Online Merker Logo

Die internationale Kulturplattform

BASEL: DER ANSCHLAG von Michael Wertmüller im Rahmen der „Journées Contemporaines“

12.11.2013 | KRITIKEN, Oper

Der Anschlag“. Premiere Theater Basel 10. November 2013 im Rahmen der „Journées Contemporaines

 Anlässlich der Einführung in das Werk erklärte der Schriftsteller Lukas Bärfuss, verantwortlich für das Libretto, dass „Der Anschlag“ als Gesamtkunstwerk entstanden sei. Ein Gesamtkunstwerk besteht meines Erachtens im Musiktheater aus Musik, Libretto und Inszenierung. Dazu gehört also auch eine sehr gute Textverständlichkeit. Wenn nun der Komponist Michael Wertmüller den Part der drei Sopranistinnen Anne-May Krüger, Clara Meloni und Ruth Rosenfeld zu hoch für eine klar nachvollziehbare Diktion komponiert, fehlt ein wesentlicher Teil zu einem Gesamtkunstwerk. Gerade die Textpassagen sind für den Handlungsablauf wesentlich und ohne Text wird das Werk unverständlich. Der Rap – artige Sprechgesang von Karl-Heinz Brandt dagegen ist verständlich. Sein Part lebt durch die Dramaturgie und den Einsatz seiner Stimme als zusätzliches Instrument.

Wertmüllers Musik ist ausgesprochen spannend angelegt und lebt vom Gegensatz der Jazzrockformation Steamboat Switzerland zum klassischen Streichquartett. Unter der hervorragenden musikalischen Leitung von Titus Engel musizieren die beiden Geiger Wojciech Grabowski und Ekkehard Windrich, die Bratschistin Jennifer Anschel und die Cellistin Elena Cheah. Der Gegensatz zwischen Steamboat und dem Streichquartett ist wirklich interessant, wenn auch die Musik nicht unbedingt leicht zu verstehen, nicht eingänglich ist. Lukas Bärfuss hat neben seinen eigenen Dichtungen Texte von Louis-Antoine-Léon de Saint-Just (1767-1794), Jules Michelet (1798-1874), Jean-Paul Marat, (1743-1793) Albrecht von Haller, (1708-1777) und aus der Baghavat Gita, (ca. 500-200 a.c.) bearbeitet und adaptiert. Diese Texte bilden das Rückgrat des von Marie-Thérèse Jossen und Georges Delnon in Szene gesetzten Musiktheaters. Die Handlung ist angedeutet und lebt von den Texten, wenn man/frau sie verstehen könnte.

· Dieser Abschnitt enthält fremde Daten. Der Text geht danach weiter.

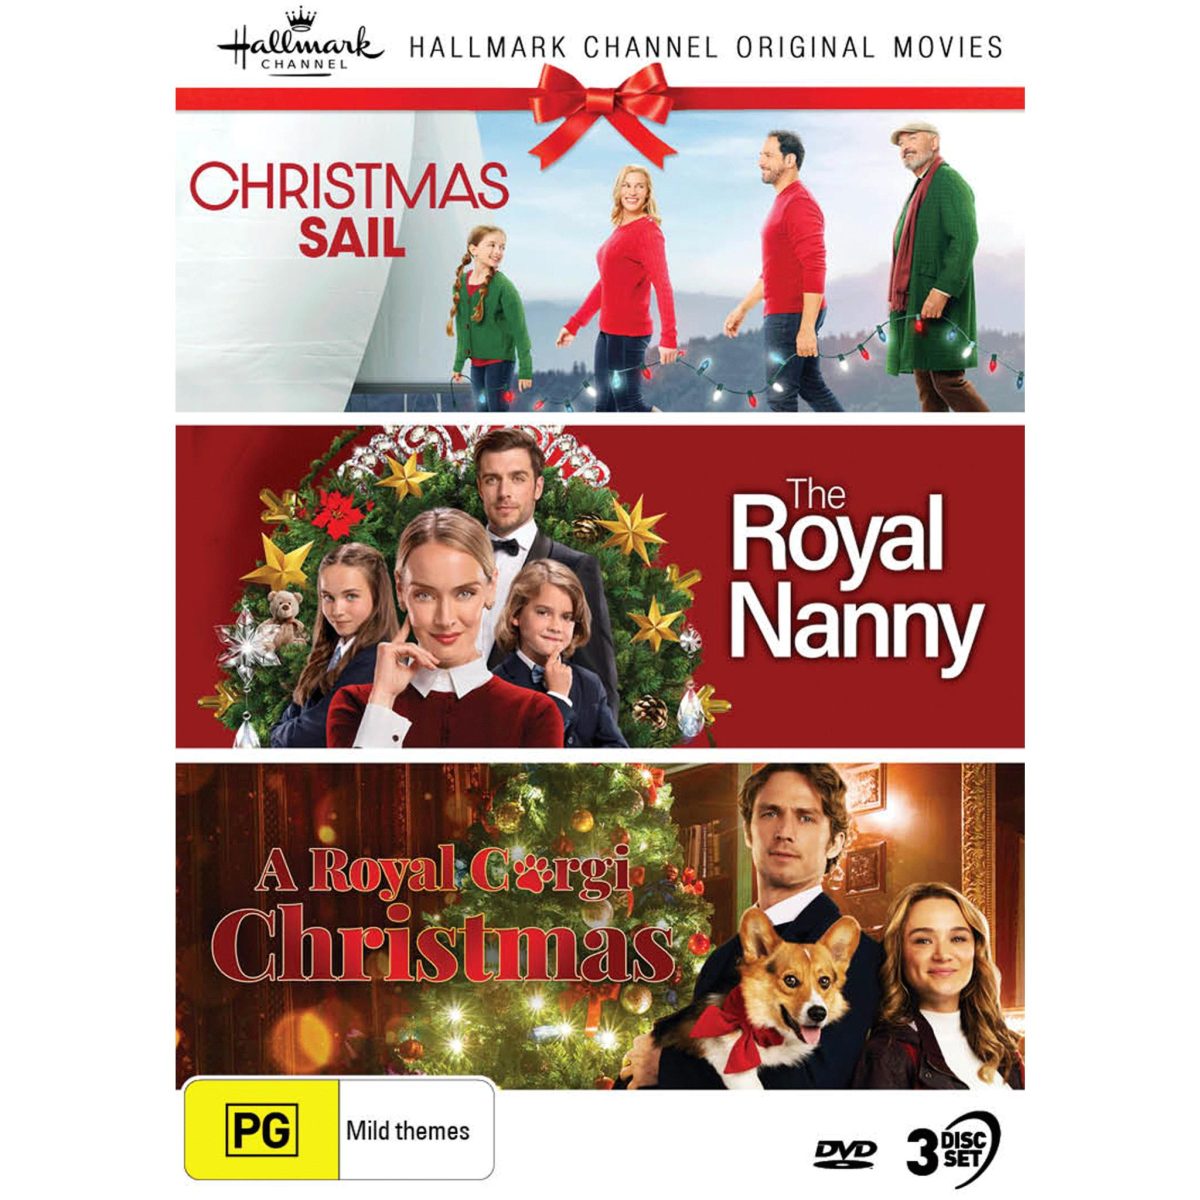 Christmas Collection: Christmas Sail / Royal Nanny / A Royal Corgi Christmas DVD

Der Bühnenaufbau ist schlüssig, die Handlung findet auf dem zentral angelegten Laufsteg, dem Laufsteg der Eitelkeiten, statt. Das Stück ist eigentlich ereignislos und nach dem Schlussknall hat sich nicht viel verändert. (Tschechow lässt grüssen).

Meine Favoriten in dieser Inszenierung sind die leisen Passagen, in welchen das Streichquartett moderne Musik mit relativ nachvollziehbarer Melodik spielt.

 „Der Anschlag“ ist nicht leicht zu verstehen und man muss sich auf moderne Musik, auf Fusion zwischen Klassik und Jazzrock einlassen. Wer sich die Texte verschaffen kann, wird auch die karge Handlung nachvollziehen können. Die Schlussdramatik (Schlussknall) ist ein wenig ge-sucht. Weil das Spiel nur angedeutet wird und die unterschiedlichen Handlungsebenen auch nicht stringent inszeniert werden, hätte ich einen offenen Schluss vorgezogen.